Randy Sexton (born July 24, 1959) is a Canadian ice hockey executive, businessman and former athlete. He is the Senior Advisor to the General Manager for the Minnesota Wild. He was the assistant general manager for the Buffalo Sabres of the National Hockey League (NHL) and general manager of the Rochester Americans of the American Hockey League from 2017 to 2020. Prior to that, he was the director of amateur scouting for the Pittsburgh Penguins and general manager of the Ottawa Senators and the Florida Panthers of the NHL. He was also one of the founders of the Ottawa Senators NHL club in Ottawa, Ontario.

==Career==
Born in Brockville, Ontario, Randy Sexton attended St. Lawrence University from 1978 until 1982 on a hockey scholarship after playing for the Cornwall Royals. He served as team captain during his final two seasons, earning awards including All-American honors, Senior Male Athlete of the Year, Most Valuable Player and the Brian P. Doyle Leadership Award. From 1983 to 1985 he served as an assistant coach with St. Lawrence, while also handling scouting and recruiting responsibilities. He later earned a master's degree in business administration (MBA) from Clarkson University.

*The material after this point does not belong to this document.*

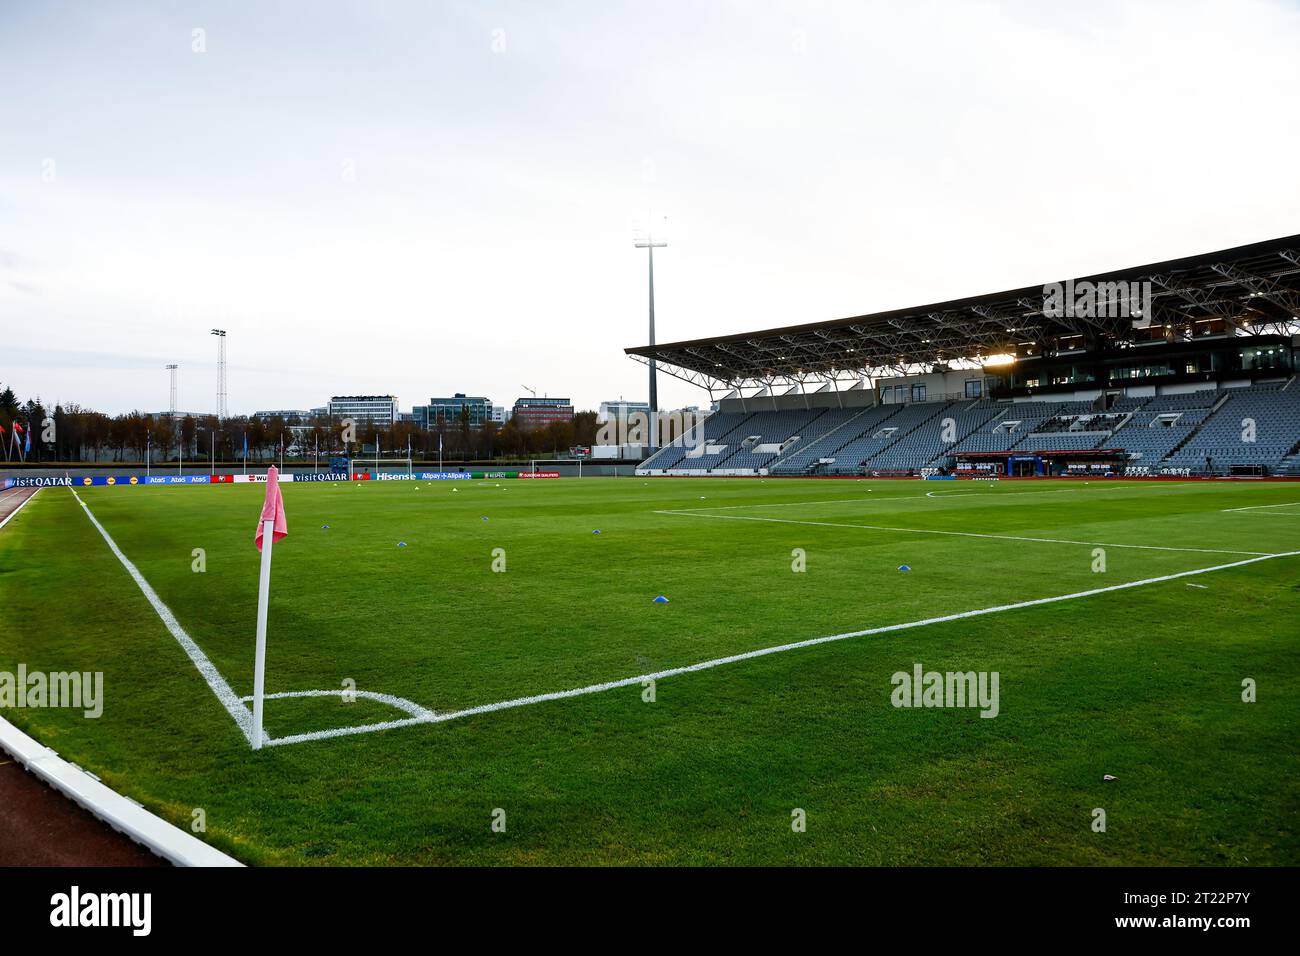 Iceland. 16th Oct, 2023. Reykjavik, Iceland, October 16th 2023: General view inside the stadium Laugardalsvollur during the UEFA European Qualifiers football match between Iceland and Liechtenstein at Laugardalsvollur in Reykjavik, Iceland. (Gunnar Örn Árnason/SPP) Credit: SPP Sport Press Photo. /Alamy Live News Stock Photo

In 1989, Sexton was vice-president of Terrace Investments, a commercial development firm in Ottawa. Bruce Firestone, then president & CEO, developed the idea of reviving NHL hockey in Ottawa, adopting for the club the old Ottawa Senators name. In the original plan, their privately financed arena would anchor a new 'West Terrace' 'mini-city' land development in Kanata, Ontario on class "A" farmland. Sexton, along with Firestone and Cyril Leeder were the principal persons behind the successful drive to win a new NHL franchise in 1990.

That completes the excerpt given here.